British-Bangladeshi hacker, accomplice jailed over London cyberattack that cost nearly $40m
Thalha Jubair, 20, and Owen Flowers, 18, pleaded guilty last month to hacking Transport for London (TfL), which had been blamed on a hacking collective.
Two British hackers behind a 2024 cyberattack on London's public transport body, which cost £29 million ($39.16 million) to fix, were each sentenced yesterday (16 July) to 5 to 1/2 years in jail.
British-Bangladeshi Thalha Jubair, 20, and Owen Flowers, 18, pleaded guilty last month to hacking Transport for London (TfL), which had been blamed on a hacking collective.
Jubair and Flowers hacked TfL between 31 August and 3 September 2024, working up to 16 hours a day—Jubair from his parents' flat in east London and Flowers in his grandmother's home in central England—after gaining access to TfL systems.
Jubair broadcast a livestream of the hack, which Flowers watched, with the video found on Flowers' laptop providing key evidence, prosecutor Mark Fenhalls said.
The pair could have "shut down TfL completely," and the attack was stopped only when TfL pulled the plug on their computer systems, Fenhalls said.
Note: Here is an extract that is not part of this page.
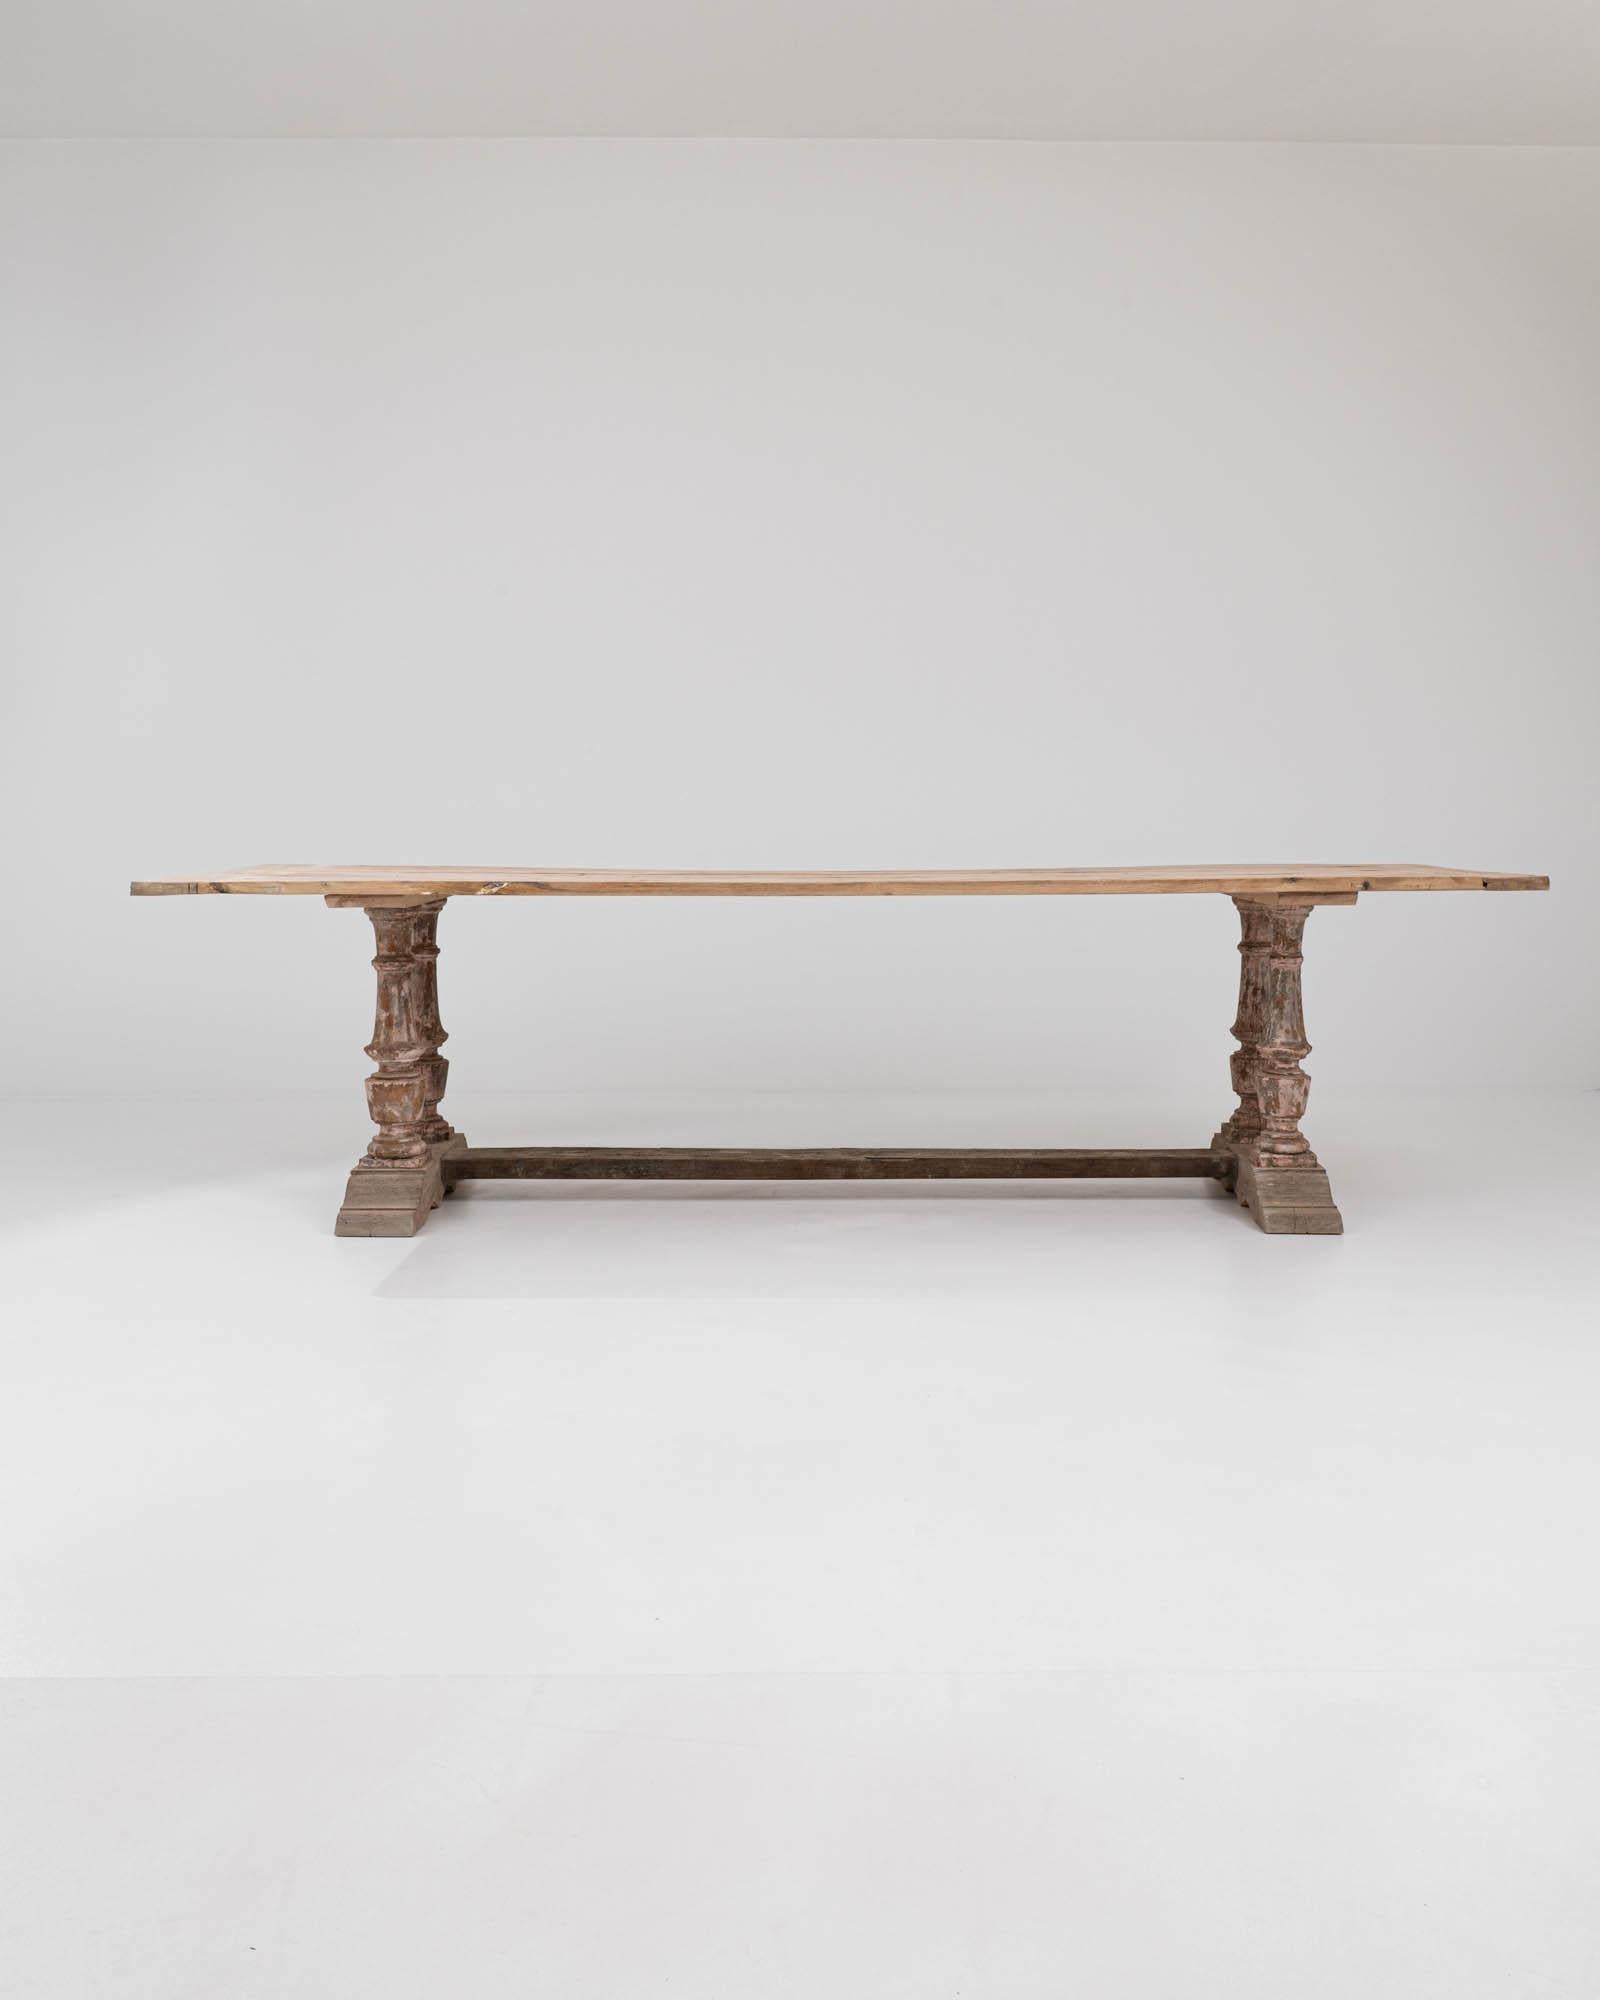 Dieser in Nordafrika hergestellte Esstisch vereint eklektische Elemente in seinem einzigartigen Design. Die Tischplatte aus rohem Holz ruht auf einem gealterten Sockel mit vier kunstvoll geschnitzten Balustern, die an stabilen Klammerfüßen befestigt

The damage caused took six months to fix.
Flowers also admitted to conspiring with others to hack two not-for-profit health systems in the United States just days after targeting TfL, with those attacks stopping "only because he was arrested and literally caught in the act," Fenhalls added.
Flowers continued to attempt hacks from prison after his arrest, Fenhalls said, with devices showing search terms and attempts to access domains linked to the Crown Prosecution Service and the prison he was being held in.
Sentencing both Jubair and Flowers to 5-1/2 years in prison, Judge Mark Turner said he accepted they were "primarily motivated by selfish bravado."
ATTACK LINKED TO 'SCATTERED SPIDER'
British authorities have previously said a hacking collective known as Scattered Spider was responsible for the attack on TfL, with multiple reports also tying the group to an attack on retailer Marks & Spencer.
Prosecutors said on Wednesday it was a term coined by a cybersecurity firm and that Scattered Spider was considered more a pattern of behavior than a defined group, although Jubair and Flowers said they had links with it.
Jubair and Flowers were 18 and 17 when they targeted TfL, but, Fenhalls said, they were already experienced hackers, "highly skilled with computers and capable of wreaking havoc."
Jubair was convicted of hacking and blackmailing chipmaker Nvidia as part of the Lapsus$ hacking group and was also sentenced for stalking two young women, including "swatting" one by trying to send armed police to her home.